Kaitlyn’s notebook: finalizing the methods and cluster heatmap

Shelly and I have developed nearly all of the methods. We need to develop and decide what we will use to either quantify the differences in the differentially abundant proteins we identify (eg. pairwise comparisons) or describe the differences (eg. gene enrichment). I also am working on identifying useful papers for the introduction and background on larval/seed mortality and temperature.
I really liked Emma’s presentation and take on the geoduck project. Since we have a very similar dataset I decided to run the deferentially identified proteins in DAVID again since we have found out that the values I was previously working with were not NSAF values. My idea was that different proteins could have been identified and led to different and possibly more significant results here that may be worth doing more digging in to. I choose to run only the differentially clustered proteins as a quick test to see if this was a method we should pursue (granted the drawback is there are only 32 proteins in this list, of which 18 do not have accessions and only 10 mapped to a DAVID ID). Here are the results: Nothing is signifigant by a Benjamini corrected p-value but translation and organonitrogen translation was. Translation is broad but is an important process for growth. Organonitrogen biosynthesis is too broad for me to make any sort of guess.
Overall I would say these results were not really useful. Emma went through her data by cluster. I can look into that after the pairwise comparison decisions and analysis is completed.
Note that 18 of the 32 proteins identified by differential hierarchical clustering do not have associated Uniprot accessions/annotations.
This is interesting because it seems like the proteins that have differential protein abundance between the two temperature treatments may be oyster specific, or at the very least unidentified. If we decide to pursue gene enrichment then we should blast the .fasta file against Uniprot or another database again to be sure of this.

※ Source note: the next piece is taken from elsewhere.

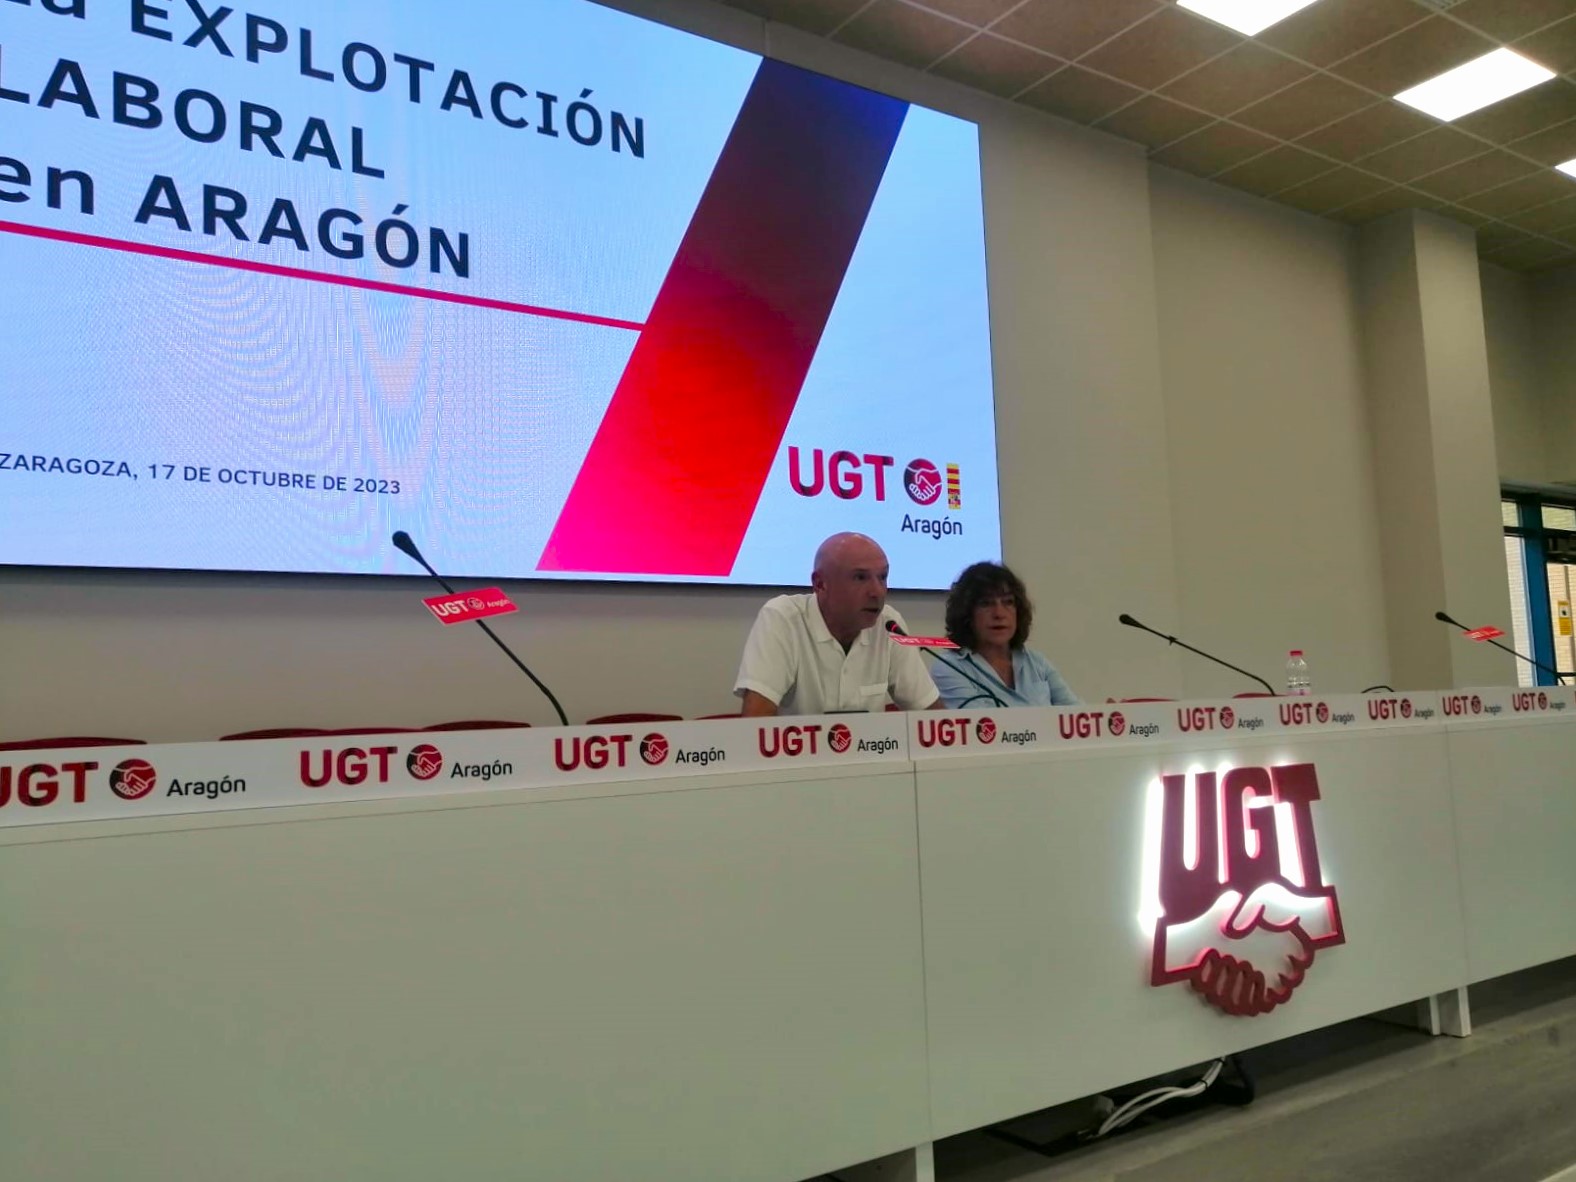 imagen de la rueda de prensa de la presentación del informe " Explotación Laboral en Aragón"

In lab meeting we decided to keep all proteins and not filter. I reran the clustering code to see if this significantly changed the heatmap, and there are some changes but three groups of proteins are still identified by the dendrogram. I edited the new heatmap and added it to our document with a comment for interpretation. I also added the protein abundance plot to compare the differences showing protein abundance over time in line plots vs the heatmap.

A pairwise comparison will help to better quantify the differences between the treatments after the ASCA and hierarchical cluster analysis identify deferentially abundant proteins. I have a script and previously added in fold change analysis to the methods. I think if we do fold change, we may need to consider comparing the day before rather than every day compared to day 0. However, I also want to look into other pairwise comparisons such as a T-test.

I also looked into the differences in the way my line plots look compared to Emma’s line plots for the geoduck project. It appears this difference is based on the dissimilarity matrix. If I use bray-curtis to create my dissimilarity matrix, this is what my deferentially clustered proteins look like. There is about 3800 proteins here.

I will also upload my new cluster and heatmap code since they are highly edited now (the workflow is mostly the same).